Conflict has engulfed Darfur since February 2003, when two non-Arab rebel groups took up arms against the Arab-dominated government to win more political and economic rights for the region's African tribes.

Sudan's Arab government is accused of responding by backing militiamen known as the Janjaweed who have carried out rapes and killings against Sudanese of African origin. The government denies backing the Janjaweed.

Earlier this month, the United Nations estimated that since October 2003, about 180,000 people had died as a result of the upheaval, with about 2 million people displaced.

UN officials said that while the March estimate included some deaths due to violence, most were because of disease and starvation.

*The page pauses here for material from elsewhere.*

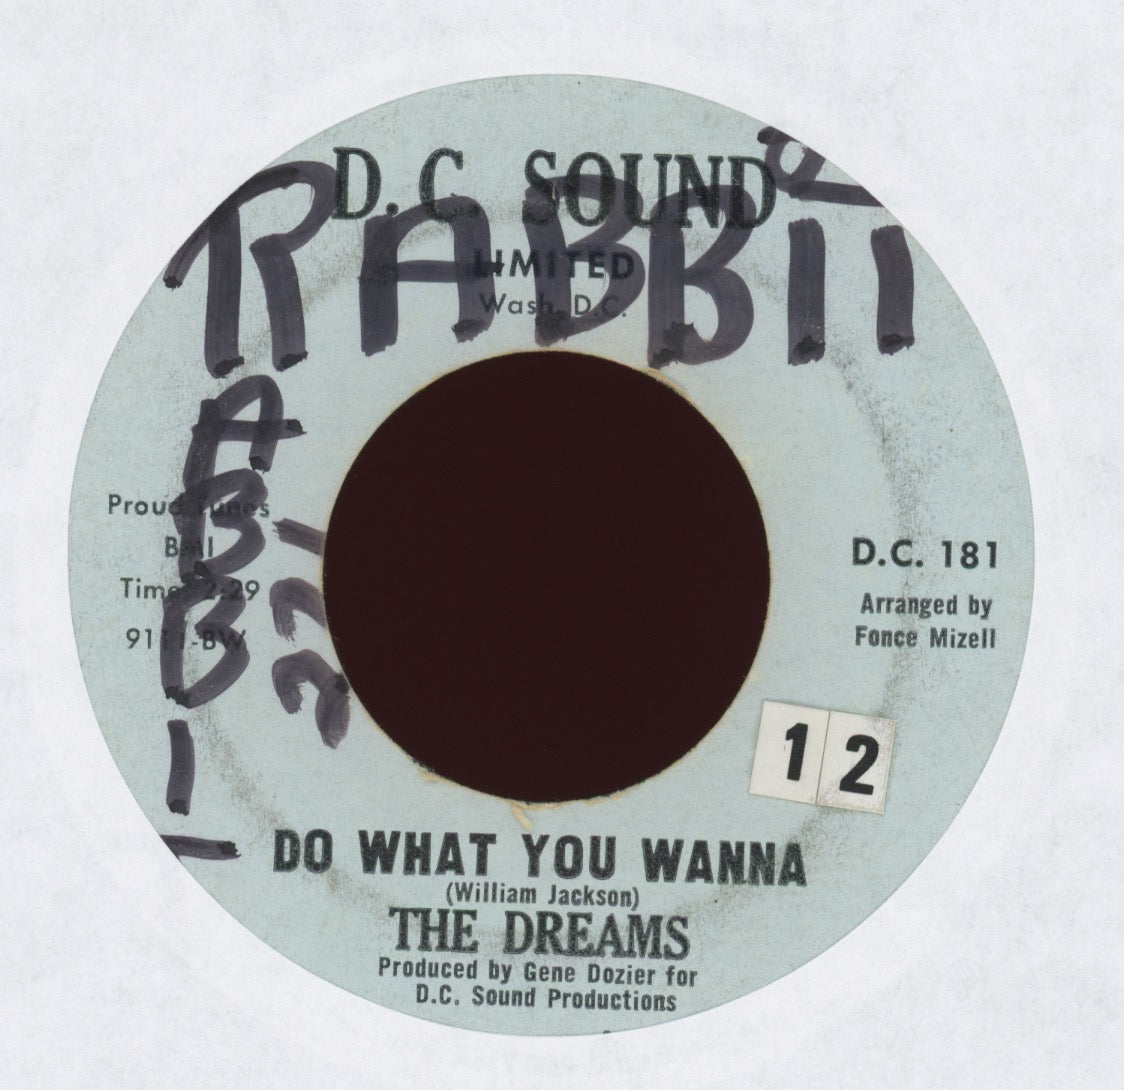 The Dreams - Do What You Wanna on D.C. Sound

A report by the International Development Committee of Britain's House of Commons said a World Health Organization estimate that 70,000 people had died from indirect effects of disease and hunger in the Darfur region was ''a gross underestimate."

The report, finished before the United Nations released its revised estimate, said the total number of dead is likely to be ''somewhere around 300,000."

The document, published yesterday, accused the international community of a ''scandalously ineffective response" to the situation in Darfur and said governments across the world were guilty of failing to deal with the crisis.

The report said early warnings about the emerging crisis were ignored, humanitarian agencies were slow to respond, and the UN suffered from an ''avoidable leadership vacuum" in Sudan at a critical time.

It also criticized the UN Security Council as ''divided, weak, and ineffective," saying it had been driven by member states' interests in oil and exporting arms.

''One of the tragedies about Darfur is that for the whole of the early part of this disaster the international community seemed to turn its eyes away," committee chairman Tony Baldry told British Broadcasting Corp. radio.

The report recommended referring the crisis to the International Criminal Court and introducing targeted sanctions and an extension of the arms embargo to cover the Sudanese government.

On Tuesday, the Security Council voted to strengthen its arms embargo on Darfur to include the government and ordered an asset freeze and travel ban on those who defy peace efforts in the area racked by conflict.